- From: David Woolley <david@djwhome.demon.co.uk>
- Date: Thu, 8 May 2003 20:52:07 +0100 (BST)
- To: www-html@w3.org
It's been pointed out to me that the HTML 4.01 specification overrides the HTTP 1.1 one by not allowing user agents to assume a default transfer character set. However, it also allows user agents to use heuristics to determine the character set. To me it seems that assuming a default of ISO 8859/1 is one possible heuristic, so one part is saying that one absolutely must not do that and another part is saying that one may do so! I understand why HTTP 1.1 is being overridden: the original HTML was only properly defined for ISO 8859/1 and early browsers weren't adequately character coding aware (not aware, or only aware of a rather more limited range of character sets than those in active use).

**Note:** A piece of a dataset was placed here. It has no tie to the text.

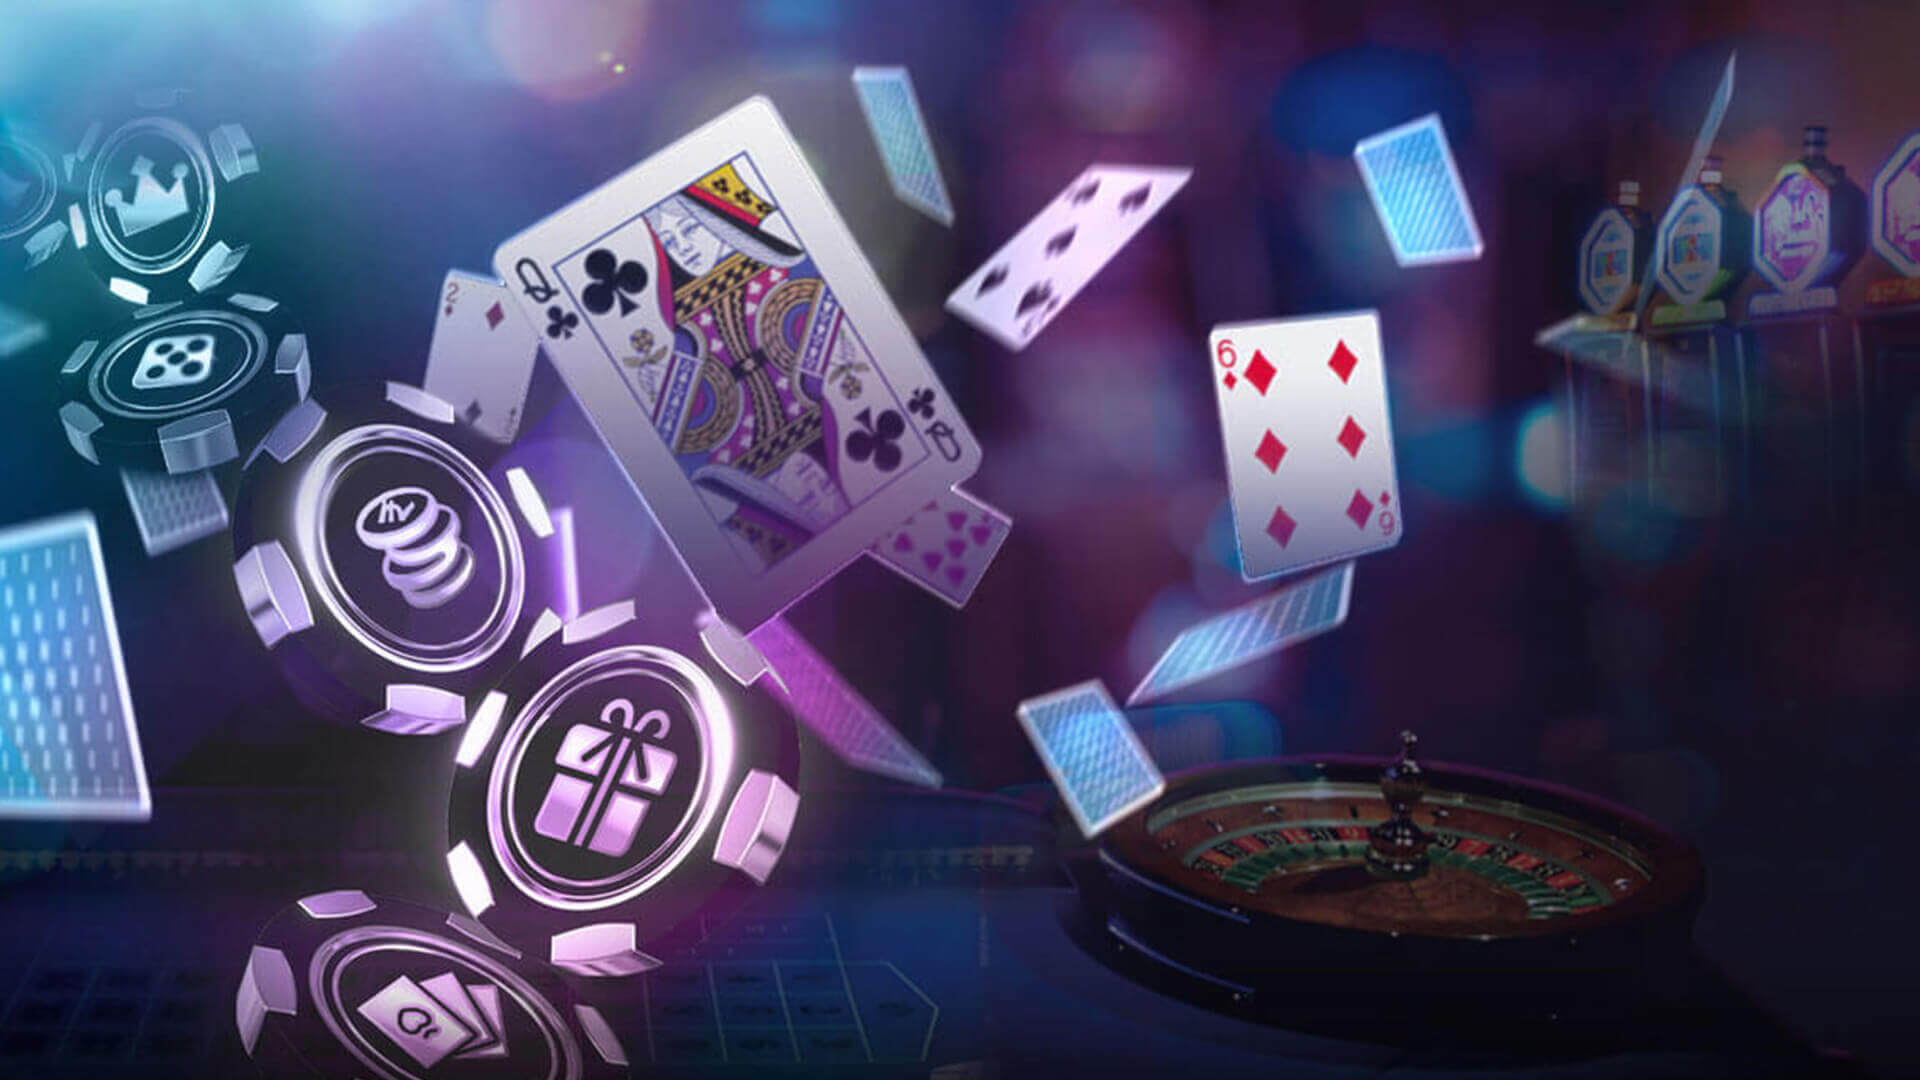 What Make SLOT GAMBLING SITE Don’t Want You To Know
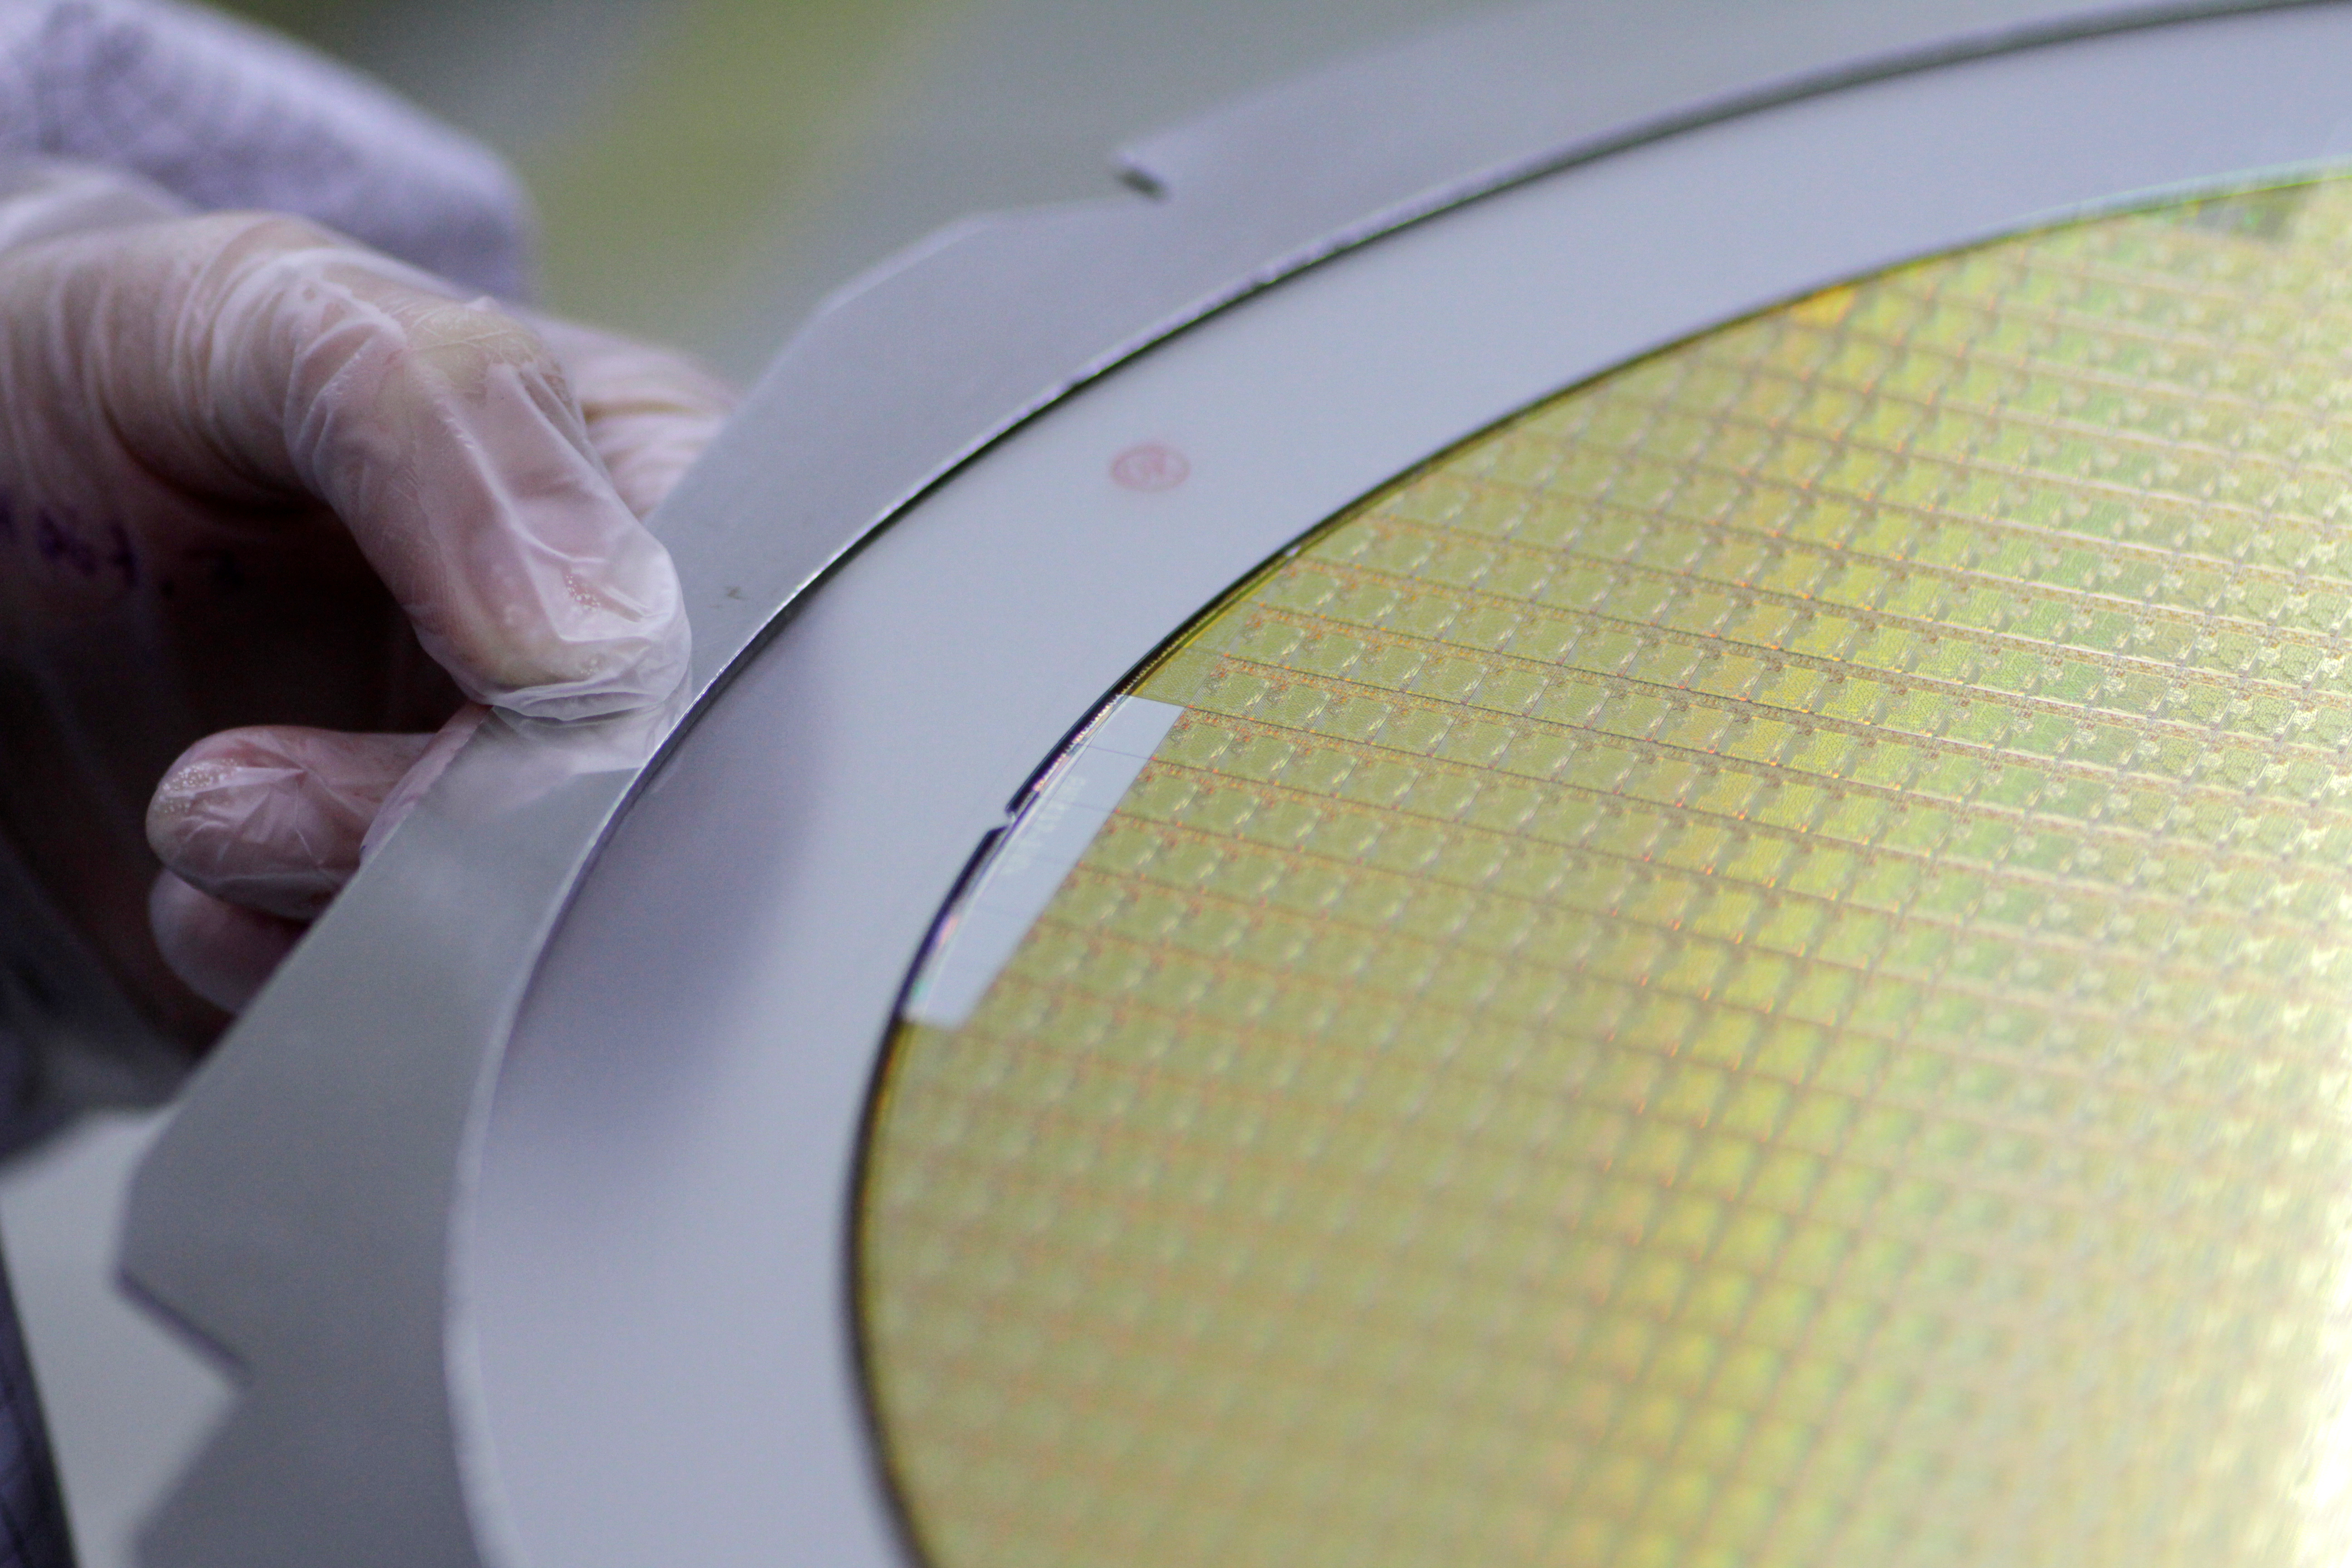 A worker checks a wafer chip in the clean room at the UTAC plant in Singapore

As a result, language and OS communities got used to treating the default as though it were their preferred character set (e.g. big5 for the Taiwanese Chinese language community and Windows-1252 for the Windows OS community). The next generation of browsers then had to cope with unlabelled documents, which weren't in the official default character set. The current wording is an attempt to bring the specification into line with what browsers were actually doing, although it doesn't even completely do that, as it doesn't allow them to use heuristics when they find a numeric entity purporting to be in the (illegal) C1 control character range. However, I think it puts a MUST NOT condition on the user agent, when it really should be saying that authors SHOULD explicitly specify a character set whenever, in ISO terms, a machine readable HTML file is involved in "interchange".
Received on Thursday, 8 May 2003 15:52:50 UTC